Gamache raised his brows. It was a leading Catholic private school. Annie had gone there too, years after Olivier, to be taught by the rigorous nuns. His son Daniel had refused, preferring the less rigorous public schools. Annie had learned logic, Latin, problem solving. Daniel had learned to roll a spliff. Both grew into decent, happy adults.
“Olivier got an MBA from the Université de Montréal and took a job at the Banque Laurentienne,” Agent Lacoste continued, reading from her notes. “He handled high-end corporate clients. Apparently very successfully too. Then he quit.”
“Why?” asked Beauvoir.
“Not sure. I have a meeting at the bank tomorrow, and I’ve also set up an appointment with Olivier’s father.”
“What about his personal life?” Gamache asked.
“I talked to Gabri. They started living together fourteen years ago. Gabri’s a year younger. Thirty-seven. He was a fitness instructor at the local YMCA.”
“Gabri?” asked Beauvoir, remembering the large, soft man.
“Happens to the best of us,” said Gamache.
“After Olivier quit the bank they gave up their apartment in Old Montreal and moved down here, took over the bistro and lived above it, but it wasn’t a bistro then. It’d been a hardware store.”

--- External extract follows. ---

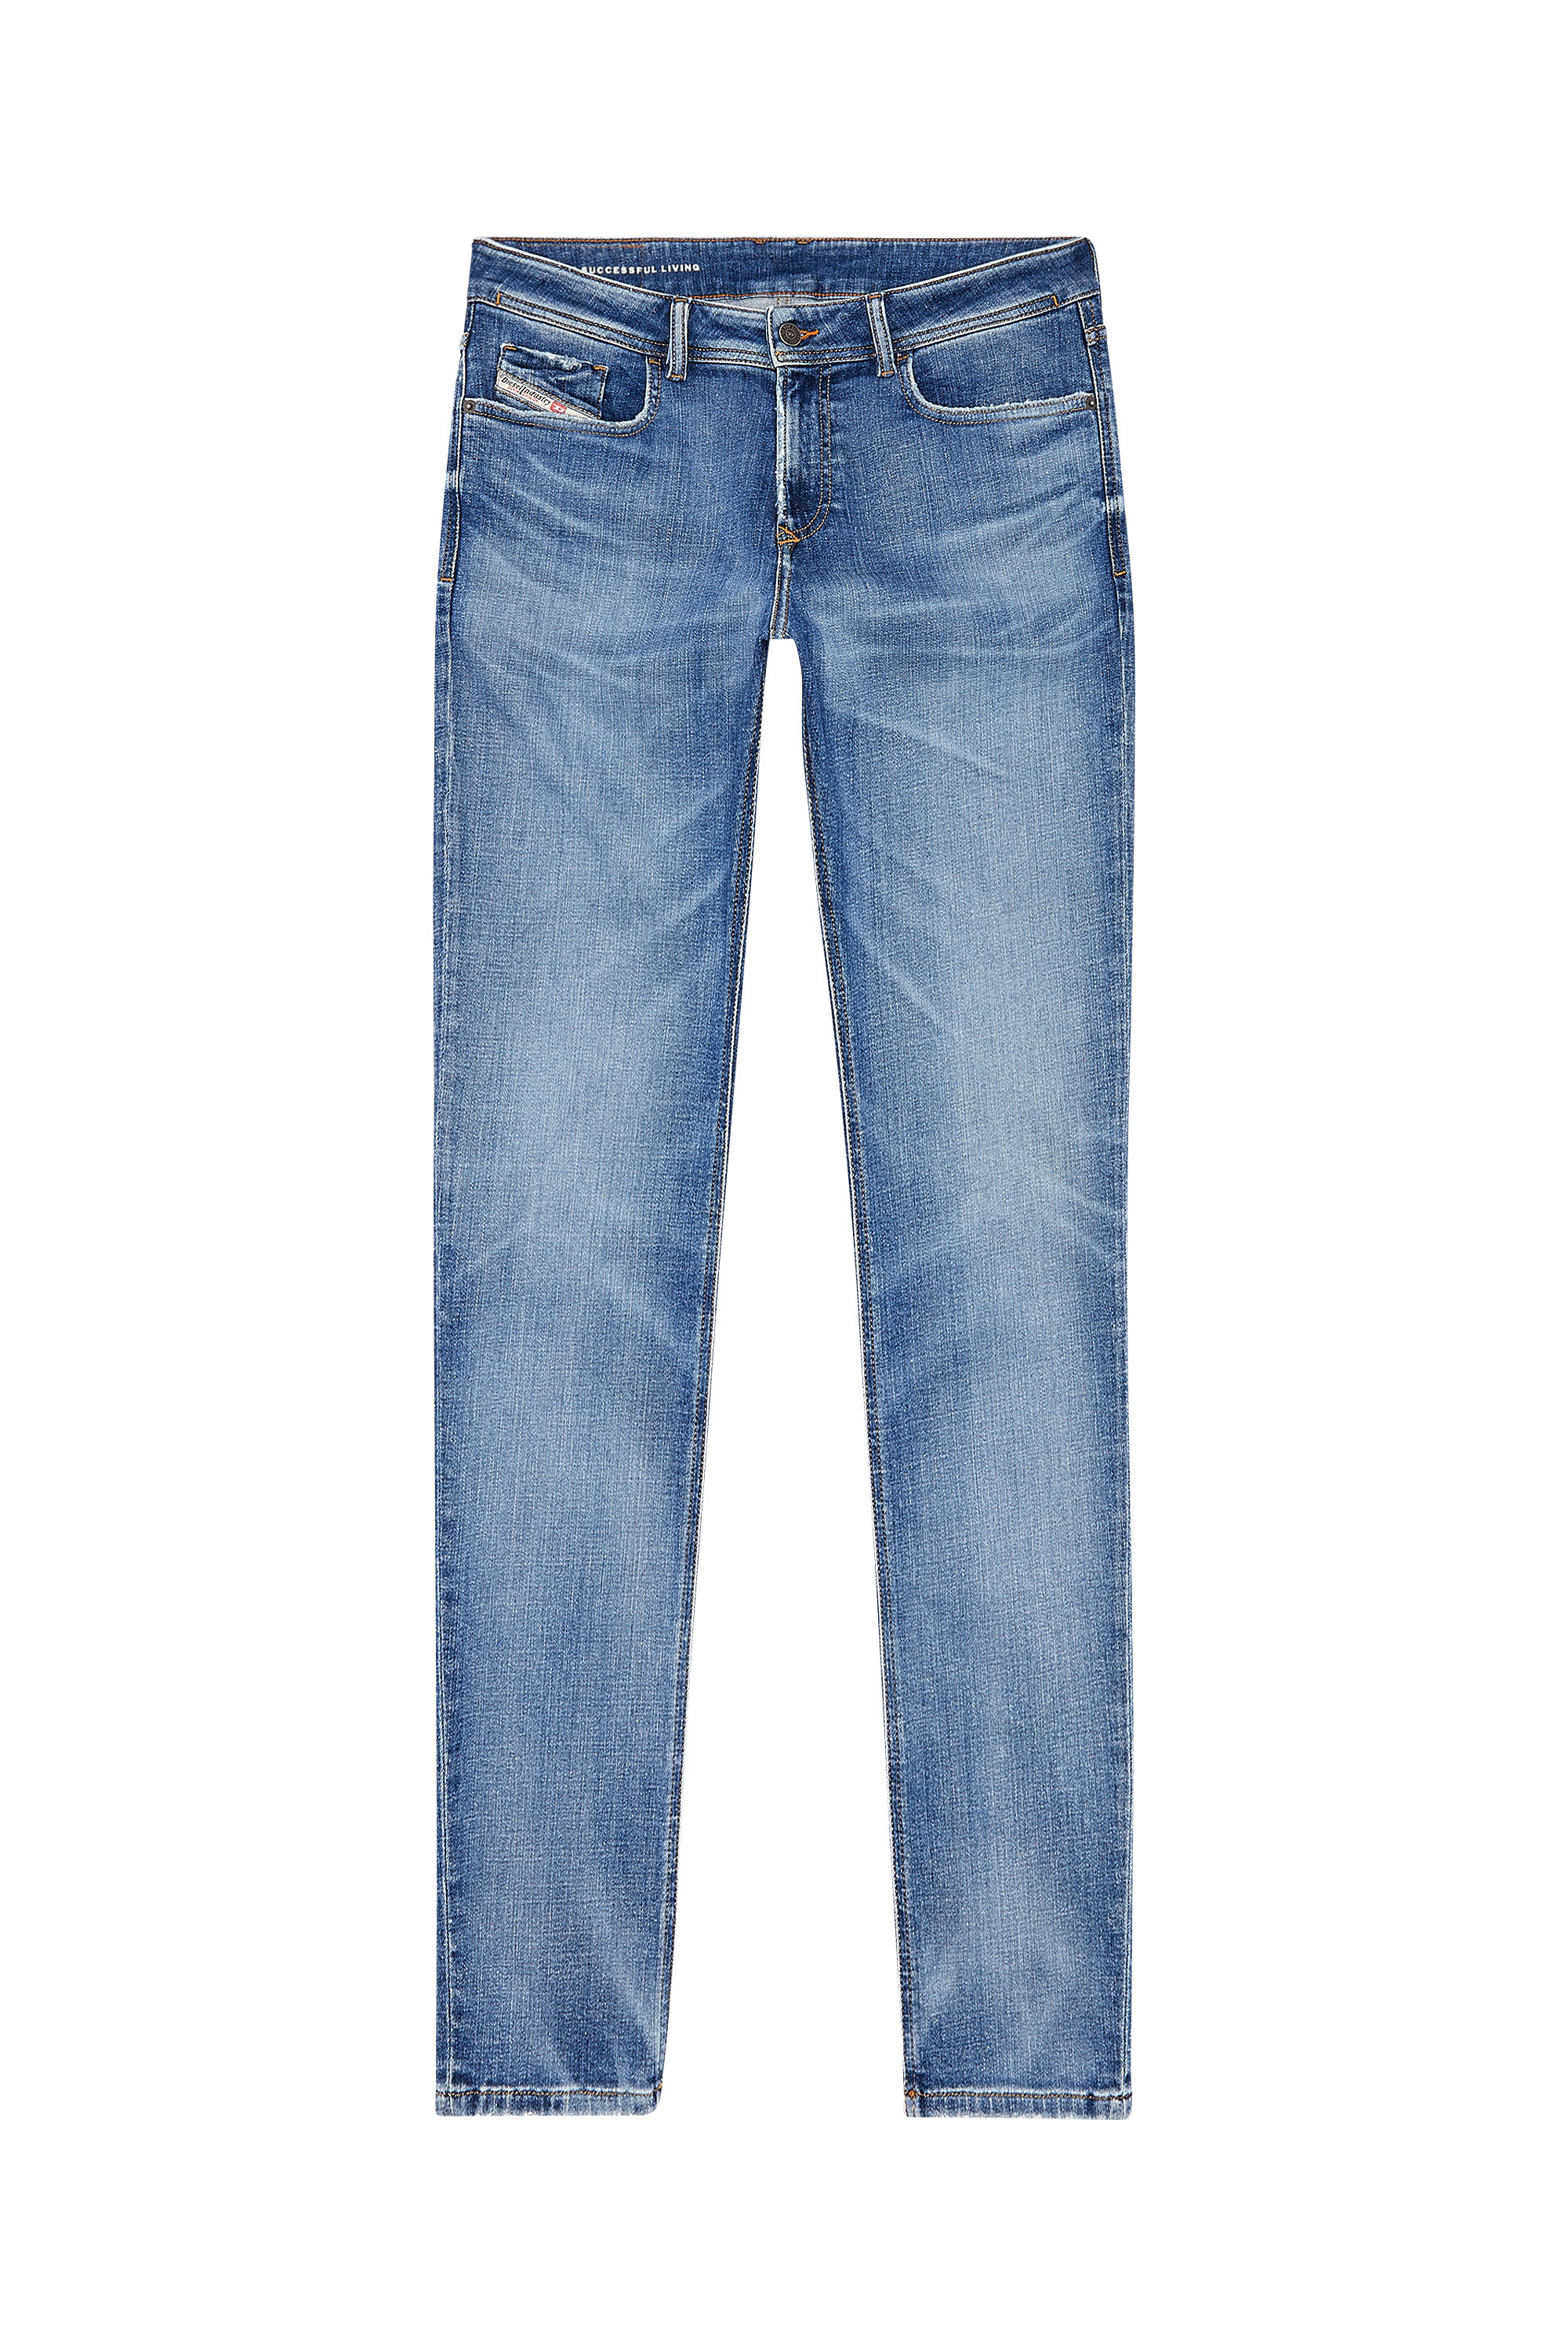 Diesel - Man Skinny Jeans 1979 Sleenker 09H68, Medium blue - Image 5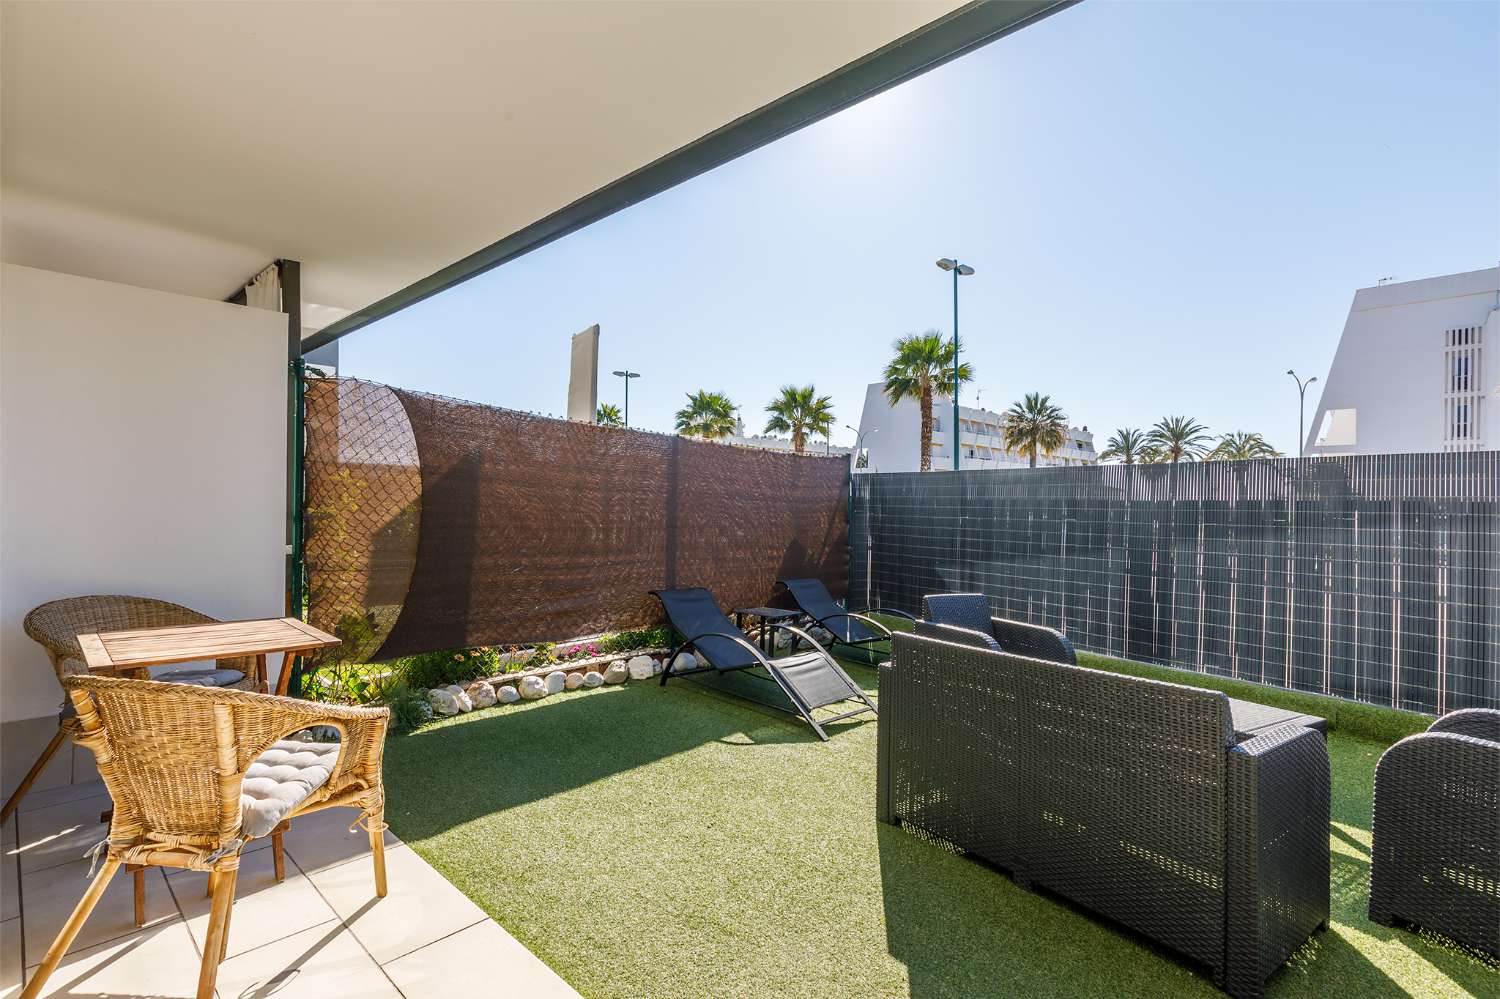 Appartement de trois chambres, avec jardin, barbecue et piscine communautaire à côté de la plage de Puerto de la Caleta

“Really?” asked Beauvoir. He couldn’t imagine the bistro as anything else. He tried to see snow shovels and batteries and lightbulbs hanging from the exposed beams or set up in front of the two stone fireplaces. And failed.
“But listen to this.” Lacoste leaned forward. “I got this by digging into the land registry records. Ten years ago Olivier bought not just his bistro, but the B and B. But he didn’t stop there. He bought it all. The general store, the bakery, his bistro and Myrna’s bookstore.”
“Everything?” asked Beauvoir. “He owns the village?”
“Just about. I don’t think anyone else knows. I spoke to Sarah at her boulangerie and to Monsieur Béliveau at the general store. They said they rented from some guy in Montreal. Long-term leases, reasonable rates. They send their checks to a numbered company.”
“Olivier’s a numbered company?” asked Beauvoir.
Gamache was taking all this in, listening closely.
“How much did he pay?” asked Beauvoir.
“Seven hundred and twenty thousand dollars for the lot.”
“Good God,” said Beauvoir. “That’s a lot of bread. Where’d he get the money? A mortgage?”
“No. Paid cash.”
“You say his mother’s dead, maybe it was his inheritance.”
“Doubt it,” said Lacoste. “She only died five years ago, but I’ll look into it when I’m in Montreal.”